> [What is needed]:
The data below holds the lines to copy: everything from the line containing "Linear Yardage Calculator" to the line containing "TakŜe w pozostałych", both ends included, set down exactly.

> [Entries provided]:
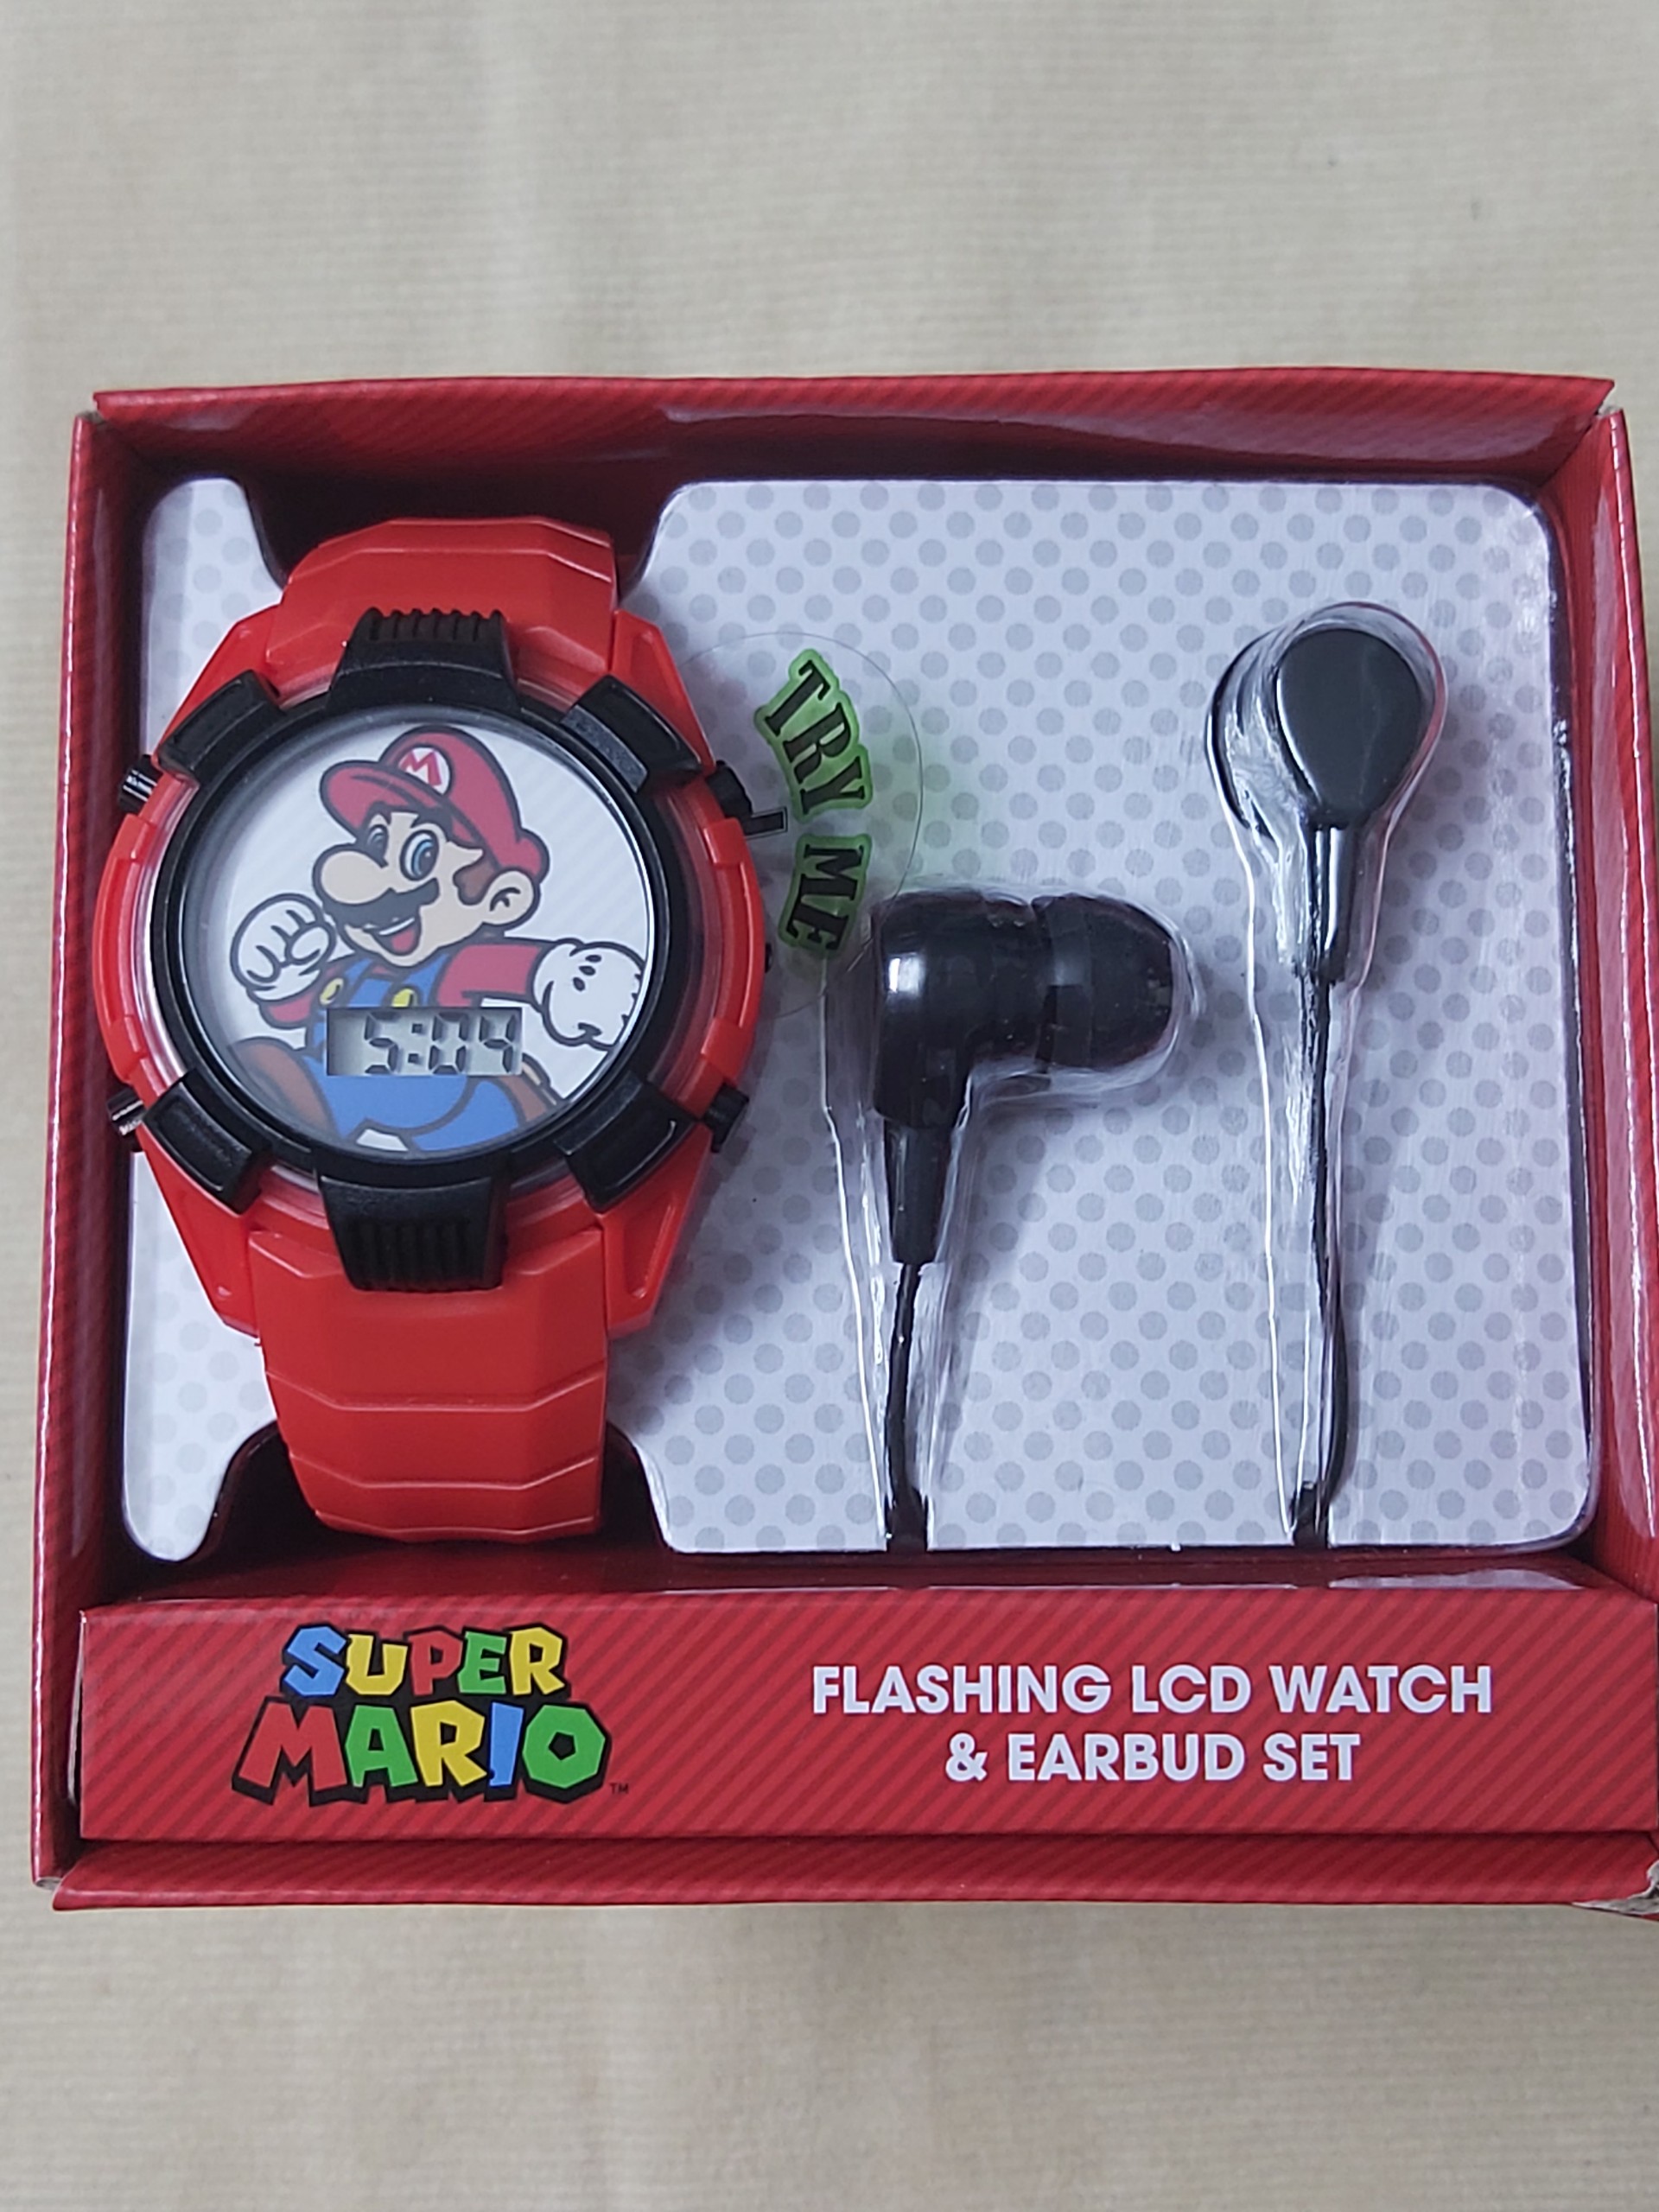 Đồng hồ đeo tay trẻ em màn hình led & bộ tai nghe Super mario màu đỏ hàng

...

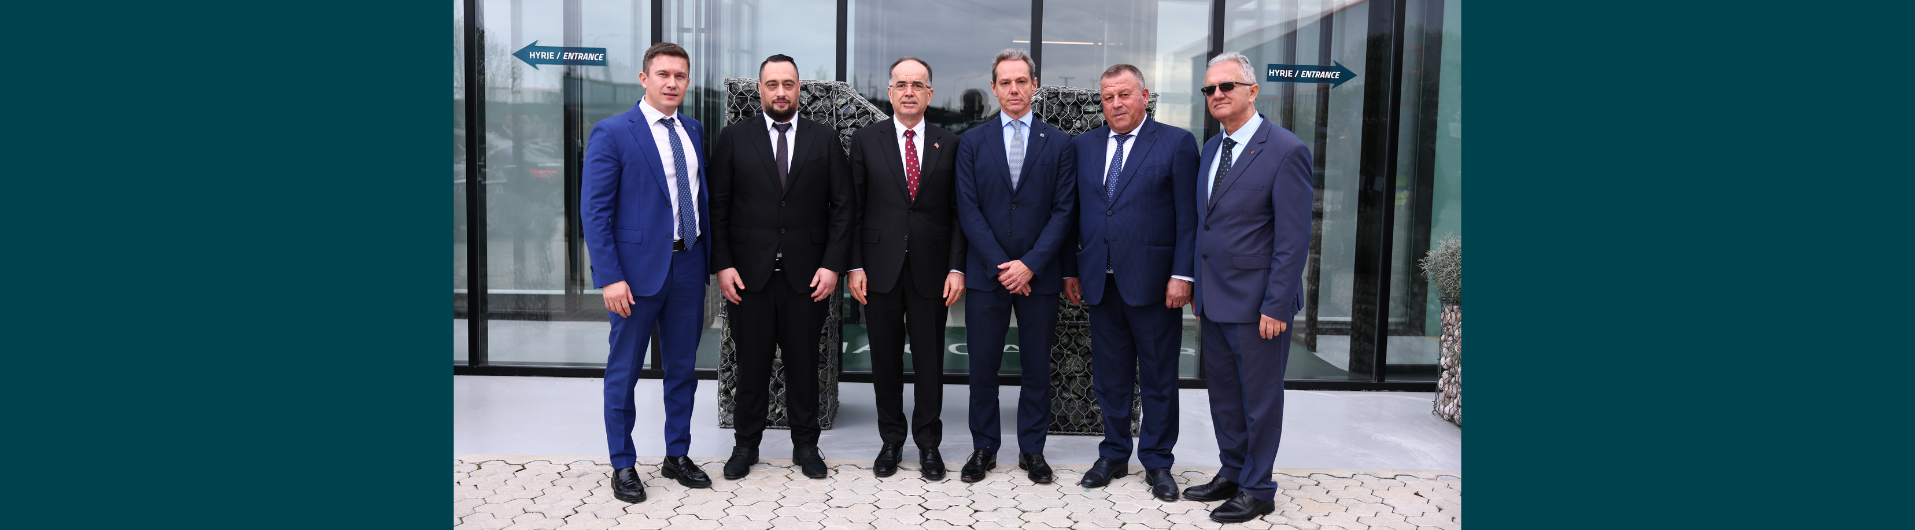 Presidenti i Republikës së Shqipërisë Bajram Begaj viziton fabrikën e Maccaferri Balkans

==

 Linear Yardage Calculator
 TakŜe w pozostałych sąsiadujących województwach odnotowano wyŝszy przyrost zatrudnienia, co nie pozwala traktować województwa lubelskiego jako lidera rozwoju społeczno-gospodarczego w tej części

> [Expected output]:
 Linear Yardage Calculator
 TakŜe w pozostałych sąsiadujących województwach odnotowano wyŝszy przyrost zatrudnienia, co nie pozwala traktować województwa lubelskiego jako lidera rozwoju społeczno-gospodarczego w tej części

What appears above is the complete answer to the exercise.